Sind die Pflanzen etabliert, kommen viele Bodendecker auch mit trockeneren Phasen gut zurecht und benötigen bei moderaten Temperaturen nur noch gelegentlich Wasser. Um Wachstum und Blütenbildung zu fördern, kann eine gezielte Düngung sinnvoll sein. Art und Menge der benötigten Nährstoffe hängen von der jeweiligen Pflanzenart ab.

Bei Mischpflanzungen empfiehlt sich ein ausgewogener Dünger mit geringem Stickstoffanteil. Häufig genügt eine Düngung im Frühjahr und Herbst, um die Nährstoffversorgung dauerhaft sicherzustellen.

Nützliche Praxistipps

Erfahrene Gärtner geben zahlreiche praktische Hinweise zur Gestaltung mit Bodendeckern. Oft unterschätzt wird der gestalterische Effekt einer Kombination verschiedener Arten. Erst durch unterschiedliche Blattformen, Blütenfarben und Wuchsformen entsteht eine abwechslungsreiche und lebendige Fläche.
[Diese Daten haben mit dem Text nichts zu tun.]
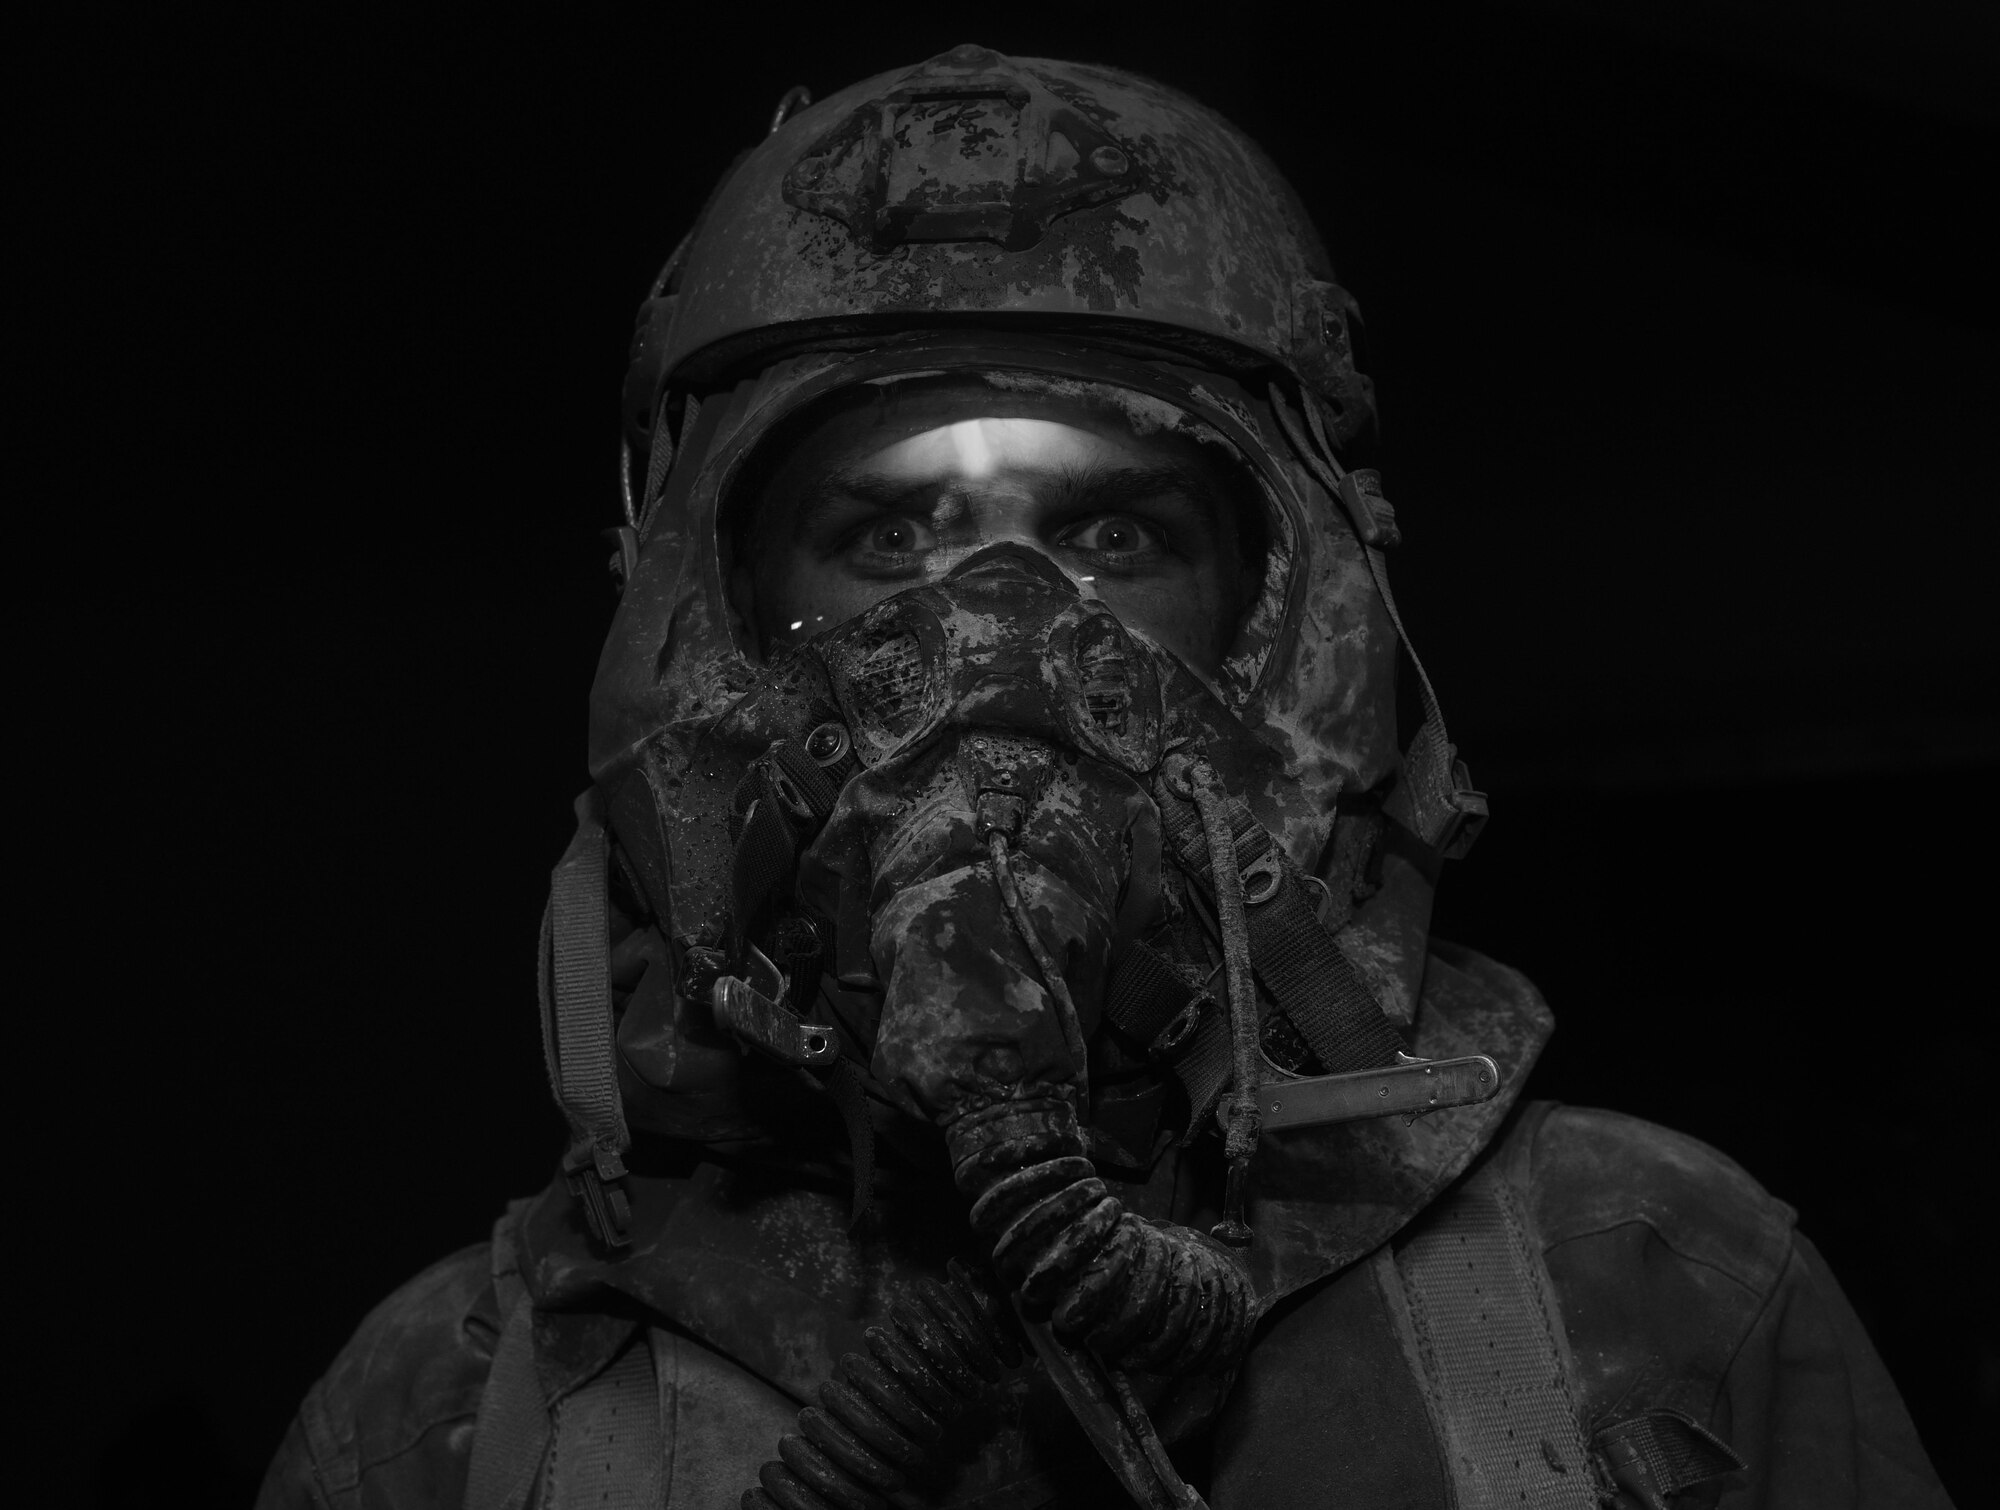 An aircrew member goes through a simulated decontamination line at Hurlburt Field, Fla., June 9, 2016. Air Force Special Operations Command’s operations directorate ran a realistic, scenario-based, training program for 16 Airmen from eight southern United States bases. (U.S. Air Force photo/Staff Sgt. Melanie Holochwost)

Ebenso wichtig ist der richtige Pflanzabstand. Nur wenn junge Pflanzen ausreichend Platz haben, können sie sich entwickeln, ohne andere Gewächse zu verdrängen. Sehr hilfreich ist zudem konsequentes Mulchen: Eine Mulchschicht hält den Boden feucht, reduziert Unkraut und verbessert gleichzeitig die Bodenstruktur.

Für optimale Ergebnisse kann es sinnvoll sein, fachkundigen Rat bei Gartenbauexperten oder in Gärtnereien einzuholen. So lassen sich Standort, Pflanzenwahl und Pflege bestmöglich aufeinander abstimmen.